I am in too deep for my child:
I can get really deep into his business, and it is not welcomed or appreciated by him. It is not helping, and it is not helpful. I feed the deep dysfunctions, and there are other ways of being and doing. When I get deep into my own stories of past and future, it irritates my fear, and that fear irritates him, even if energetically. If I am deep into an old way of ineffective communicating, it deepens the stress for both of us and between us. He says he wants to do it his way, and it will be his way whether I like it or not. I am deepening my unconditional love for my son. He does not need to change; he does not need to give me anything or make me happy. When in my truest nature, I am into the depth of love, for me and for my son without conditions. I love being in that deep! My son goes with me in my heart, deep in my love.
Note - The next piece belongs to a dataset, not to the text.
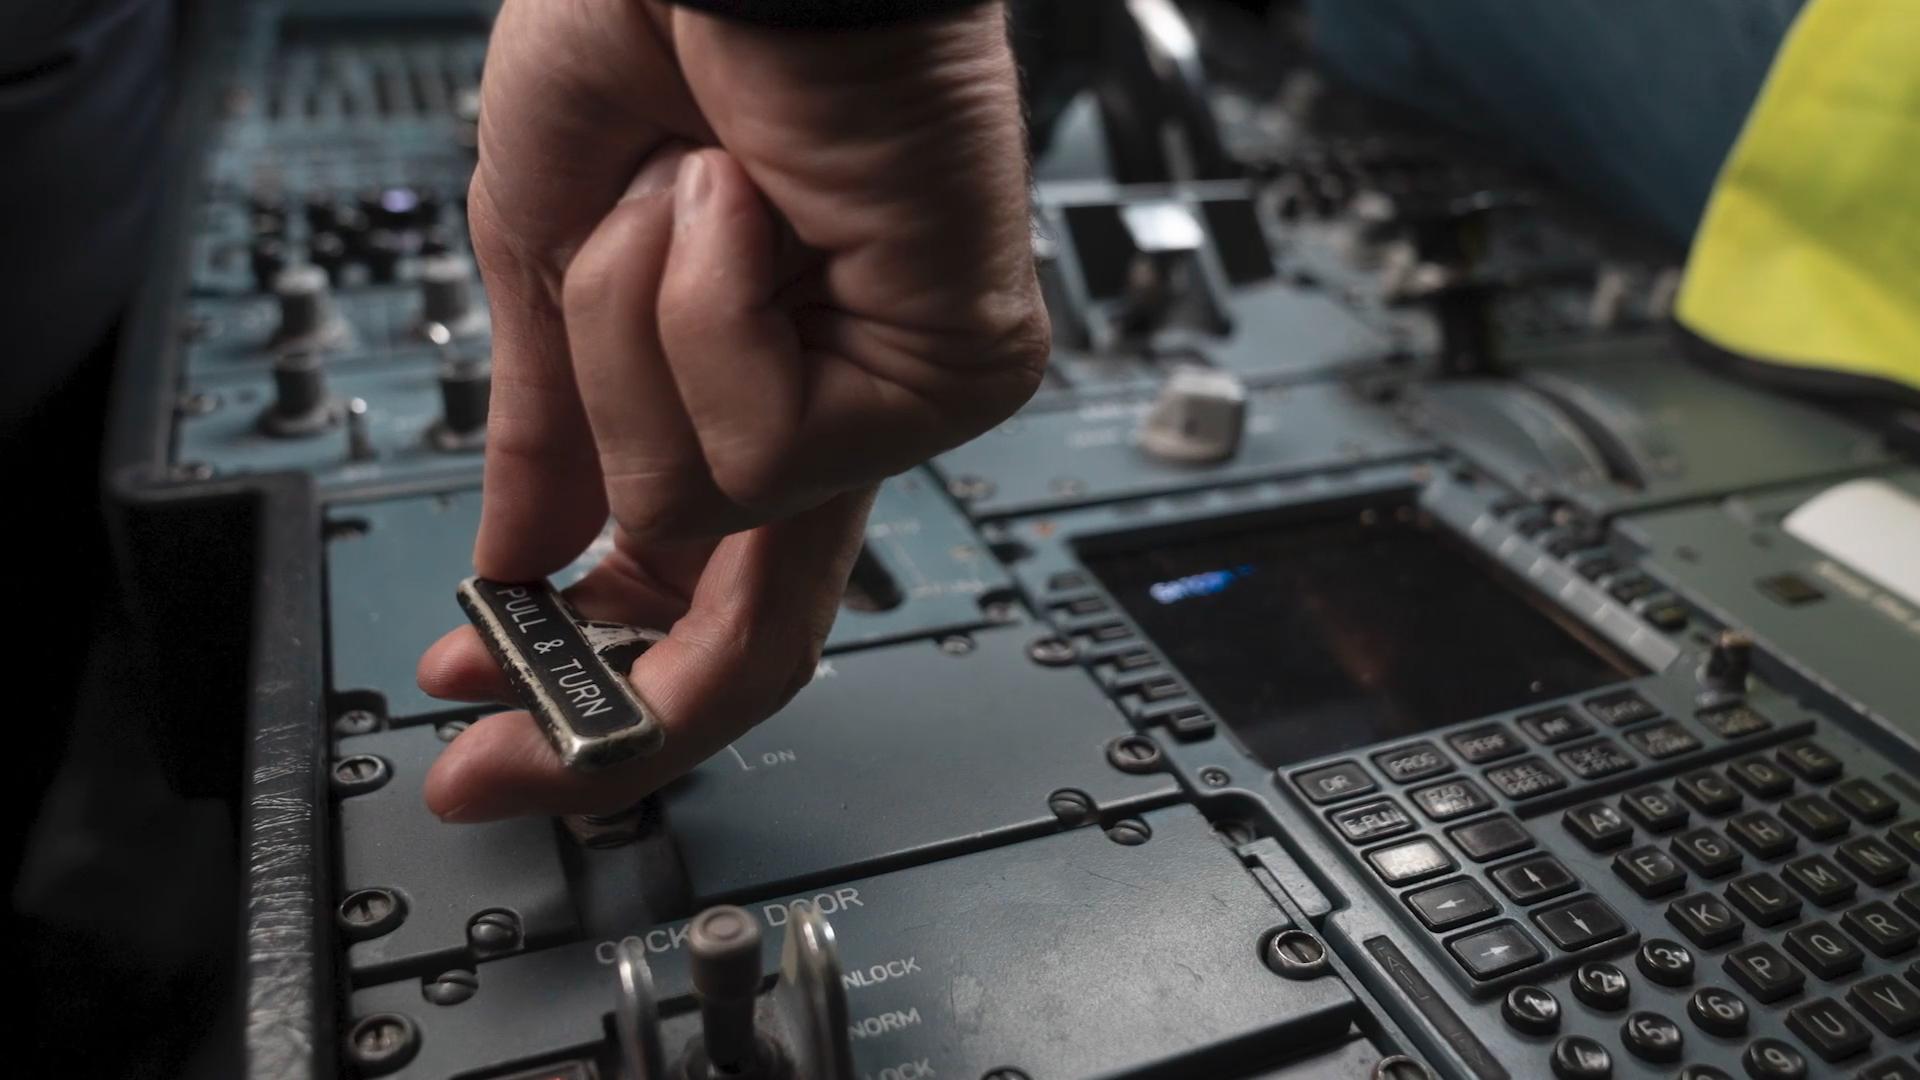 AEL Flight Service Rafael de Amorim Videographer Manchester

This is how I want to be and what I want to do for him.
I am in too deep for me:
When I dive so deep into his business and into the future that I cannot possibly know, diving into God’s business and playing God, I am in way too deep and creating even more stress. It causes even more confusion. I feel deeper pain if I do not do my own work. I am not in too deep when I deepen my own healing work. I really can’t escape this mind, so I am in deep; the choice is in what direction and depth I choose to go. I deepen my understanding, I deepen the love without conditions, I deepen and go deep into my healing. The deep fears will guide me to the deeper love. Or I will go deeper into suffering.
The Living Turnaround (how to live in action what Inquiry reveals):
I commit to a deep healing journey, to do The Work on my fears and stress, to deepen connection with my heart through truth and understanding and with God. This keeps me connected with my son and to life. Fear shows up, and it can guide the way when I identify it and do not run from it, identify the thoughts, and question them. I acknowledge that I don’t have guarantees about life—never did—but I have some tools that guarantee my way to peace and to love, and for this I am grateful!
How about you? What ideas presented themselves to you? The Work will hold all fears. In each of us, we have divine wisdom that will guide us back to love. When we meet fear with understanding, our love shines through, it grows, and finds new direction into the places and people with whom it can be shared. Drugs don’t win here. Love does!